The U.S. Department of Labor announced that it will further delay the full enforcement of fiduciary rules pertaining to rollover and retirement plan advice.

The rules, called Prohibited Transaction Exemption (PTE) 2020-02, were set to go into effect on Dec. 20 after being previously delayed, but industry groups had been pressing the government agency to postpone full enforcement further because they claim they are having difficulties putting systems in place to meet all the rule requirements.

The U.S. Department of Labor announced that it will start enforcing the rule on Feb. 1 for investment advice fiduciaries “who are working diligently and in good faith to comply with DOL’s impartial conduct standards.”

In addition, the agency said it delay enforcing the standards’ documentation and disclosure requirements for rollover advice until June 30.

The rule stipulates that investment advice fiduciaries who rely on any of the rule’s exemptions must be able to demonstrate that the rollover advice they render to retirement plan and IRA customers is in the customers’ best interest if the advisors want to receive compensation that would otherwise be prohibited, including commissions, 12b-1 fees, revenue sharing and markups and markdowns in certain principal transactions.

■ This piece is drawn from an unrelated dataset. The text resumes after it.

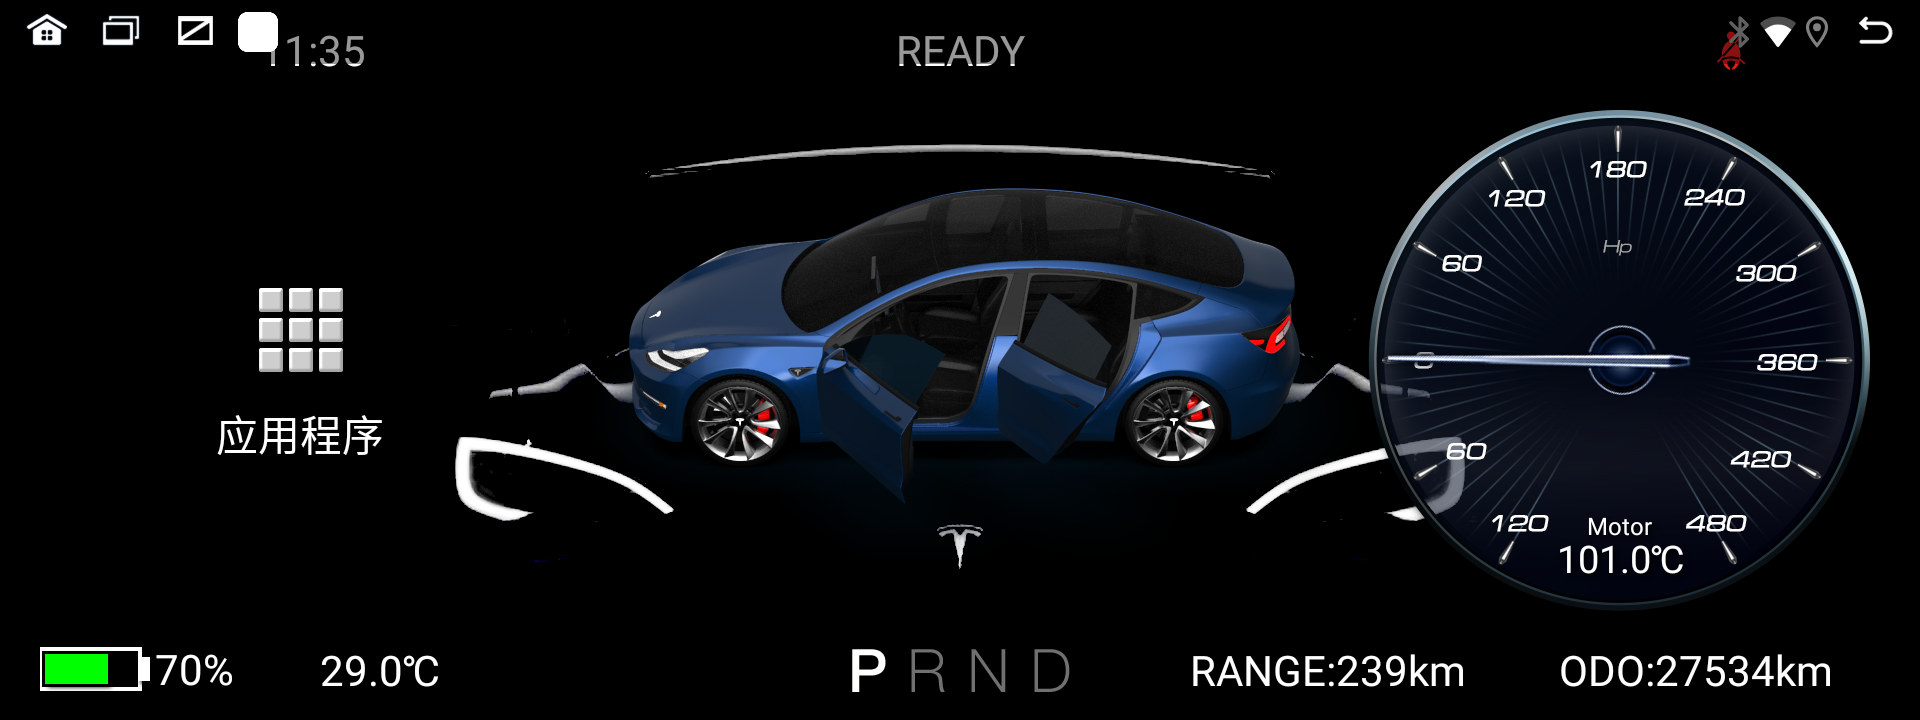 Hansshow Dashboard screen for Tesla Model 3/Y - Tesslaract

“The department is convinced that this temporary and limited enforcement relief is appropriate and in the interest of plans, plan fiduciaries, plan participants and beneficiaries, IRAs and IRA owners,” G. Christopher Cosby, acting director of the Office of Exemption Determinations at the Employee Benefits Security Administration, said in a new bulletin.   

“This transition relief, while less than DOL should have provided given the expected proposal of revised rules in the very near term, is welcome and will be helpful to permit the conversion in compliance systems from the temporary enforcement policy to PTE 2020-02 on a sensible business date,” Carol T. McClarnon, a partner with the law firm of Eversheds Sutherland, said in a client legal alert.

McClarnon also said the DOL delays would reduce the cost and potential confusion created by the fiduciary acknowledgement and other disclosures required by PTE 2020-02, which now can be coordinated and transmitted with cyclical communications and disclosures sent in the ordinary course in January.

Enforcement delays will also “provide more time for vendors to perfect, and investment advisors to install, reliable solutions for obtaining and processing the comparative cost information and other documentation DOL requires … for rollover advice,” McClarnon added.